When machines of peace are used as weapons of war, does the creator bear responsibility?
That’s the question underpinning The Wind Rises, the first film from master filmmaker Hayao Miyazaki since 2008’s Ponyo.
Unlike Ponyo, this is definitely not a kids’ film. The Wind Rises is Miyazaki’s most mature, thoughtful work since 1992’s Porco Rosso, another film that incidentally (or not so incidentally) revolves around airplanes. It’s also, perhaps not so incidentally, one of his best films in years.
The hero of The Wind Rises is Jiro Horikoshi, a real-life historical figure who designed the Mitsubishi A6M Zero fighter pilot (more commonly known as the “Zero”) used by the Japanese air force in World War II.
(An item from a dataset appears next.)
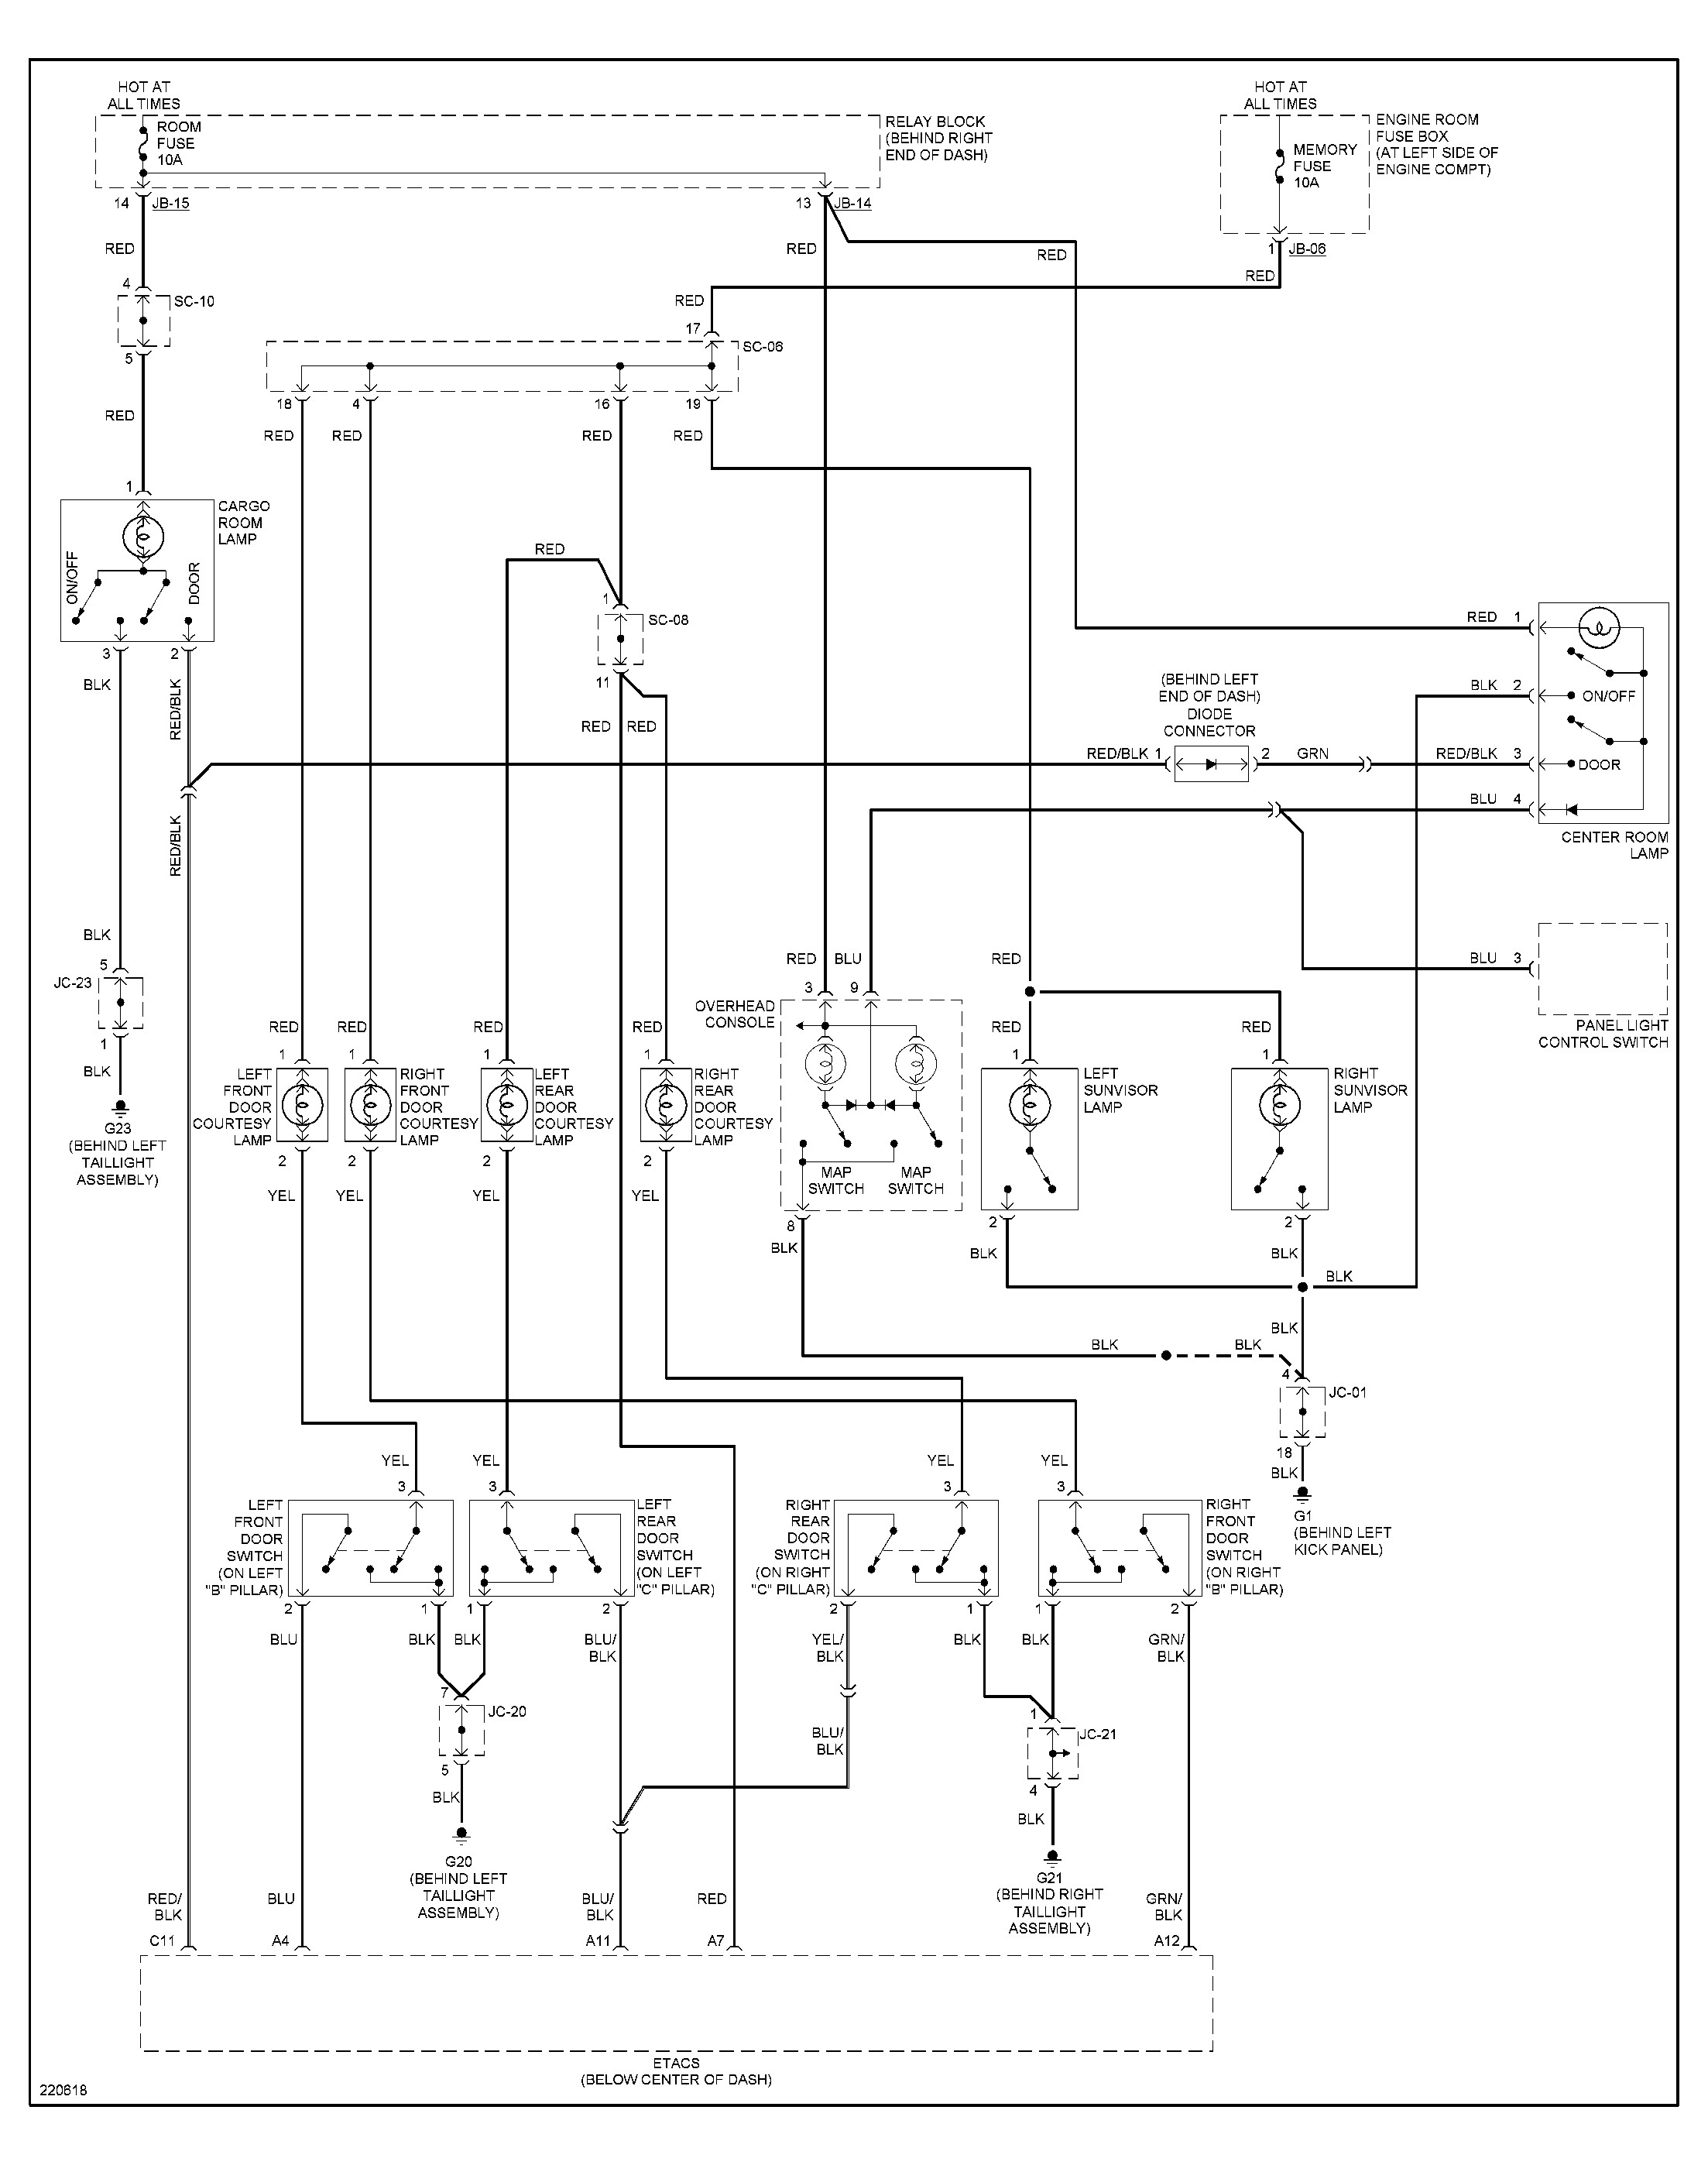 2003 Kia Rio Engine Diagram Amazing Kia Sportage Wiring Diagram Ideas Everything You Need to

In Miyazaki’s film, Jiro is introduced as a young man obsessed with airplanes, but who’s unable to fly them due to his poor eyesight. One day, he has a dream in which he meets his hero, the Italian aeronautical engineer Giovanni Caproni, who encourages the young Japanese boy to design planes.
Fast-forward a decade, and we find Jiro working at Mitsubishi’s plant in Nagoya, an obvious prodigy whose designs are head and shoulders above his peers’. He’s living his dream, but there are occasional signs, both in conversations with those around him and his own nightmares, that point to Jiro’s work eventually being used for a terrible purpose.
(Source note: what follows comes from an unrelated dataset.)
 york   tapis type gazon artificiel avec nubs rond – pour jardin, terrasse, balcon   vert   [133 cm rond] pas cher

Jiro is portrayed with a kind of naiveté: seemingly oblivious to anything around him that doesn’t involve airplanes, he finds design ideas wherever he looks, such as in the perfect curvature of the bones of the fish he’s eating for lunch.
To help portray this unique personality, Miyazaki made the unique decision to cast as Jiro not a professional voice actor, but longtime friend Evangelion director Hideaki Anno.
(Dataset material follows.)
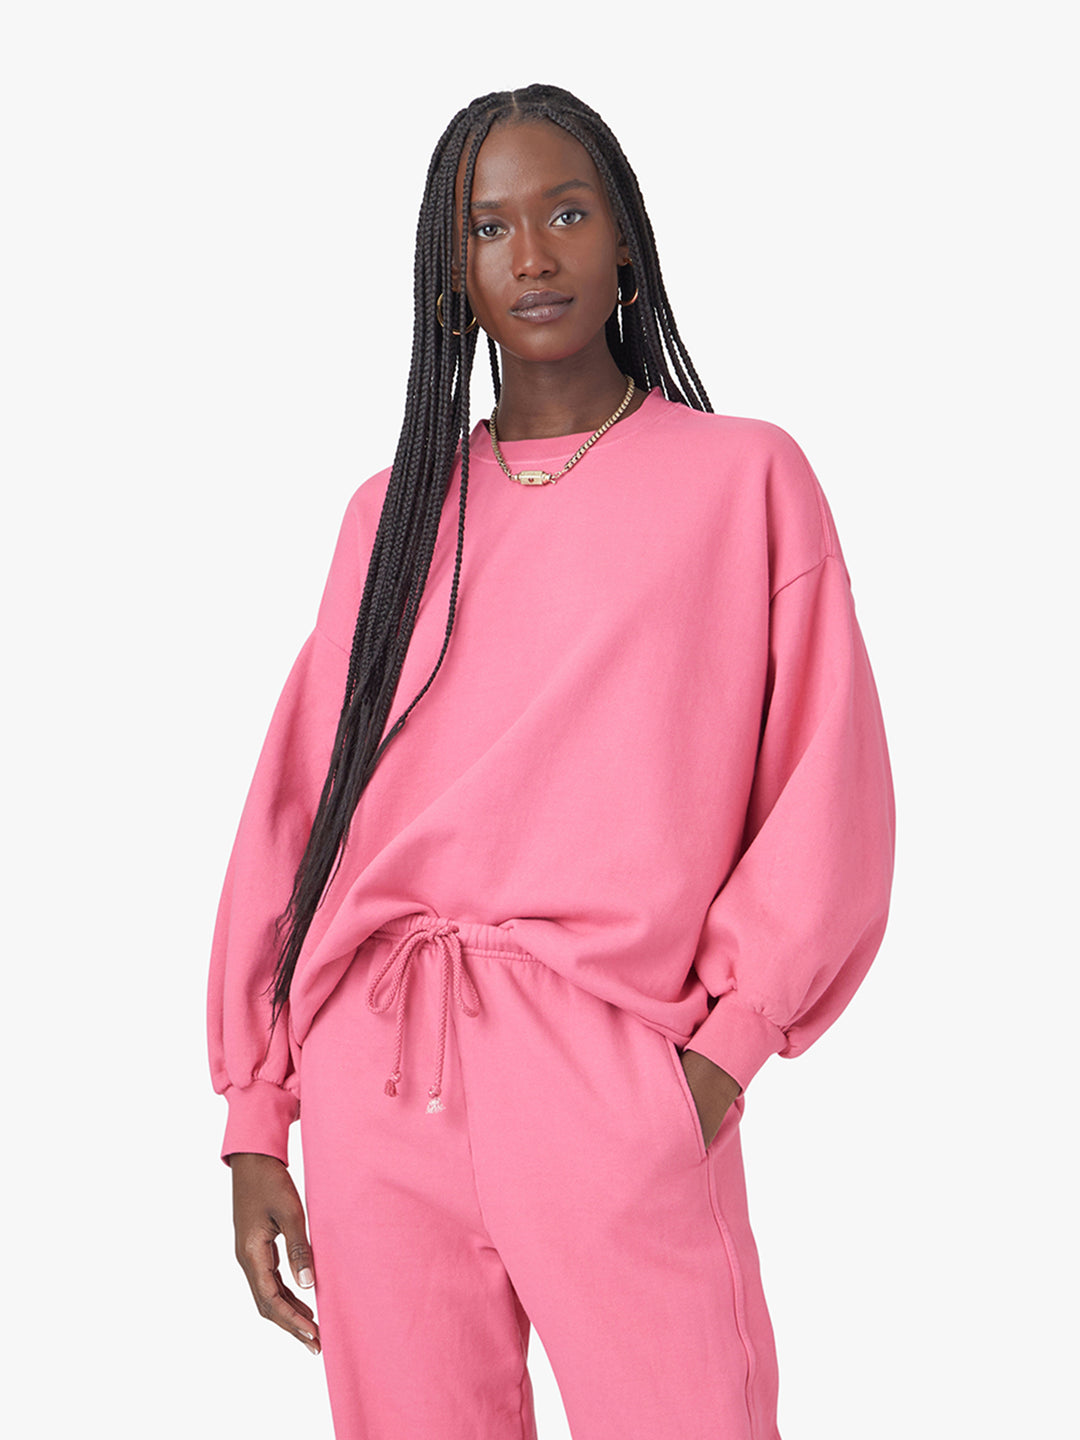 Xirena - Eaden Sweatshirt in Fiesta Pink

It’s a bit of a shock when Anno’s voice first appears: he’s so clearly not a voice actor, it’s jarring to hear him perform alongside more standard-sounding voice types. But it’s ultimately an ingenious bit of casting: Jiro sounds, appropriately, like he’s a bit different from everyone else.
The real life of Jiro Horikoshi was only half of the inspiration for the film, the other half a 1937 novella that also gives the film its name. It’s the story of two lovers torn apart by the woman’s onset of tuberculosis. In the film, the young woman, who’s name is Naoko, is the one thing able to tear Jiro away from his drafting table. The romance adds humanity and depth to the film, and helps counterbalance the main narrative.
As much a biography of a single man, The Wind Rises, which plays out over several decades, is a portrait of Japan from the early 1910s to the lead-up to the war with China, and eventually, the U.S. Jiro is swept up in historical events, like the Great Kanto Earthquake of 1923, which may be one of the more chilling scenes Miyazaki has ever put to film.
But it’s clear Miyazaki also has a lot of fondness for the pre-war era of Japanese history, when men wore hats as a rule, locomotives were powered by steam, and great cities like Tokyo and Nagoya were still traversable by river. And, of course, there are the airplanes. It’s a beautifully animated film; nothing less than we expect from Ghibli at their best. Same goes for the excellent Joe Hisaishi score, which has a very European feel.
Miyazaki films will always bear the weight of expectation, and it’s impossible not to compare his current work with his classics. But The Wind Rises fares well under even under those lofty expectations, and is well worth the wait.